They perceived that I was not easy to catch, and, if anything, they respected me the more for it. In fact they could not disguise their amazement at my having got so far with only two men. When I had given my visitors some little present, we parted at last, in a very friendly manner.
We climbed up to the pass (18,480 feet), and before us on the other side found a large stretch of flat land, some two thousand feet lower. I could see a lake, which I took to be the Gunkyo. Nevertheless, to make certain of it, I left my men and yaks on the pass and went to reconnoitre from a peak 19,000 feet high, N.E. of us. There was much snow and the ascent was difficult and tedious. When I got to the top another higher peak barred the view in front of me, so descending first and then ascending again, I climbed this second summit, finally reaching an elevation of 20,000 feet, and obtaining a good bird's-eye view of the country all round. There was a long snowy range to the North, and, directly under it, what I imagined to be a stretch of water, judging from the mist and clouds forming above it, and from the grass on the lower portion of the mountains.

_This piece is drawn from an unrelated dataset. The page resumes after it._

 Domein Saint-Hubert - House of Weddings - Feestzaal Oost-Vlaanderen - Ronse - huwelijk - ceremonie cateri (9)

A hill range stood in my way, just high enough to conceal the lake behind it. I rejoined my men and we continued our march down the other side of the pass, sinking in deep, soft snow. We pitched our tent at a spot about five hundred feet higher than the plain below us, in a gorge formed by the two mountain sides coming close together. Notwithstanding that I was now quite accustomed to great altitudes, the ascent to 20,000 feet had caused a certain exhaustion, and I should have been glad of a good night's rest.
Mansing and Chanden Sing, having eaten some food, slept soundly, but I felt very depressed. I had a peculiar sense of unrest and of some evil coming to us during the night.
We were all three under our little tent, when I began to fancy there was some one outside. I do not know why the thought entered my head, for I heard no noise, but all the same I felt I must see and satisfy my curiosity. I peeped out of the tent with my rifle in hand, and saw a number of black figures cautiously crawling towards us. In a moment I was outside on my bare feet, running towards them and shouting at the top of my voice, "Pila tedau tedang!" ("Look out, look out!") which caused a stampede among our ghostlike visitors. There were, apparently, numbers of them hidden behind rocks, for when the panic seized them, the number of runaways was double or even treble that of the phantoms I had at first seen approaching. At one moment there seemed to be black ghosts springing out from everywhere, only, more solid than ghosts, they made a dreadful noise with their heavy boots as they ran in confusion down the steep descent and through the gorge. They turned sharply round the hill at the bottom and disappeared.
When I crawled inside the tent again Chanden Sing and Mansing, wrapped head and all in their blankets, were still snoring!